Sarkozy, le Mediator et l’avenir de notre santé

par ANDRE CICCODICOLA
Publié le 9 avril 2021 à 16:35

7 juillet 2009, c’est déjà jour de fête à l’Élysée. Entouré de la garde républicaine en grande tenue, Nicolas Sarkozy, le président de la République de l’époque, s’apprête à remettre la Légion d’honneur à des personnalités ayant rendu « des services éminents » à la nation, comme le stipule l’institution créée en 1802. À l’appel de son nom, un homme se détache du petit groupe des futurs récipiendaires. C’est Jacques Servier, propriétaire des laboratoires pharmaceutiques éponymes et 23e fortune de France. Il va rejoindre dans quelques minutes le gotha des titulaires de la grand-croix, la plus haute distinction de l’ordre.

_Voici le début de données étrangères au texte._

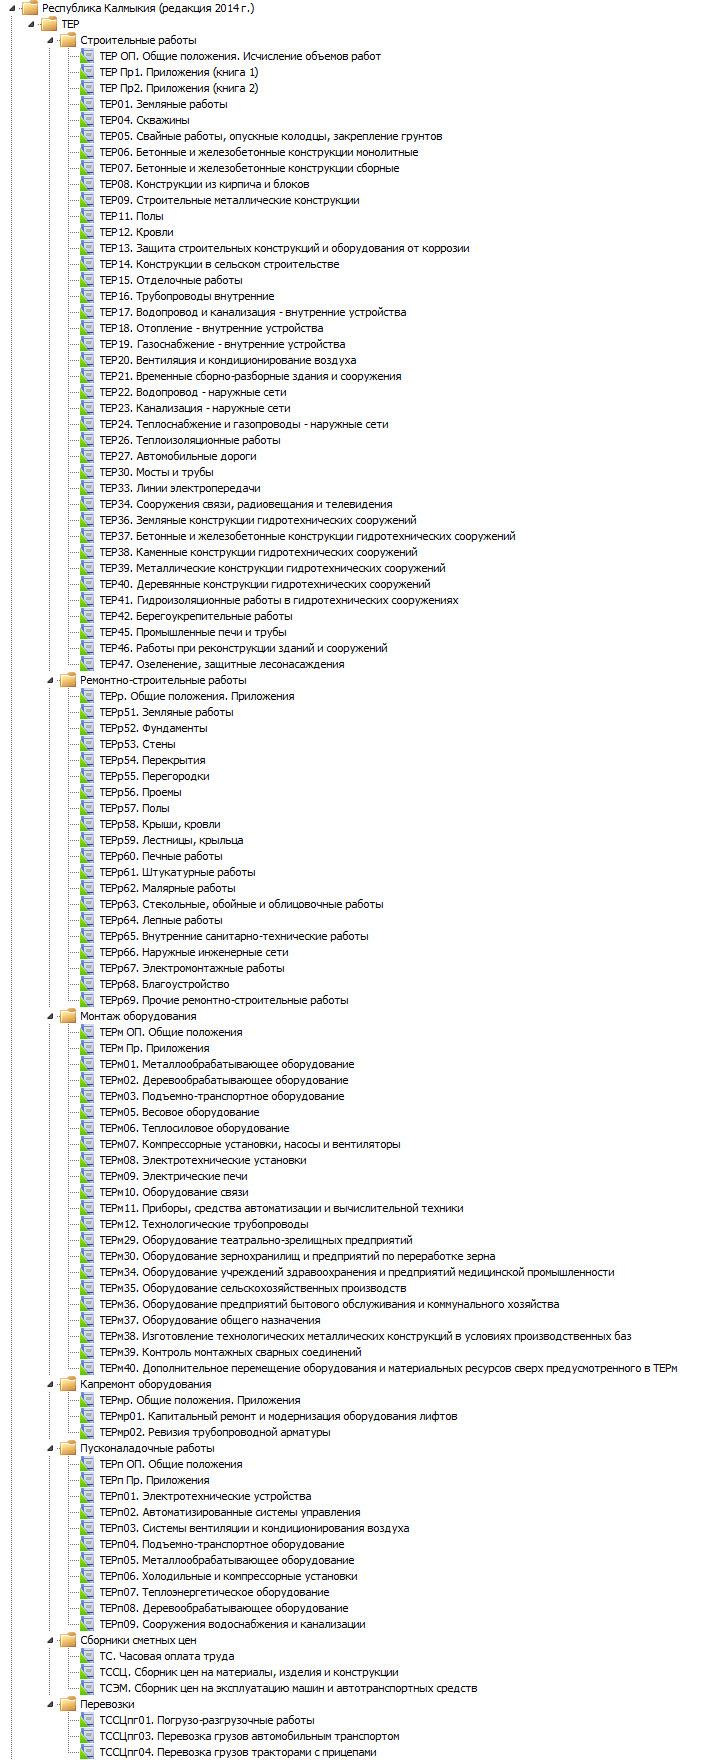 ТЕР-2001 в ред. 2014г.  Республика Калмыкия

Parmi eux figurent Napoléon himself [1] et, plus près de nous, l’écrivain Paul Claudel, le physicien Paul Langevin, les résistants Rol-Tanguy et Raymond Aubrac, ou encore Nelson Mandela. « Votre histoire, dit le président en s’adressant à Jacques Servier, c’est une grande histoire française, riche de leçons. » Et il poursuit : « Je me souviens de notre première rencontre, en 1983. C’était déraisonnable - c’est là que je vois que vous êtes enthousiaste -, vous pensiez déjà à l’époque que je serais président de la République. Incorrigible Jacques Servier ! » La salle rit. L’appelant désormais par son prénom, chose rare dans ce genre de cérémonies, le président de la République hausse légèrement le ton, comme pour mieux se faire entendre, et déclare : « Jacques, vous êtes un entrepreneur comme la France en compte peu. […] En tant qu’entrepreneur, vous avez été souvent sévère à l’endroit de l’administration française. Vous critiquez l’empilement des mesures, des normes, des structures, et vous avez raison ! »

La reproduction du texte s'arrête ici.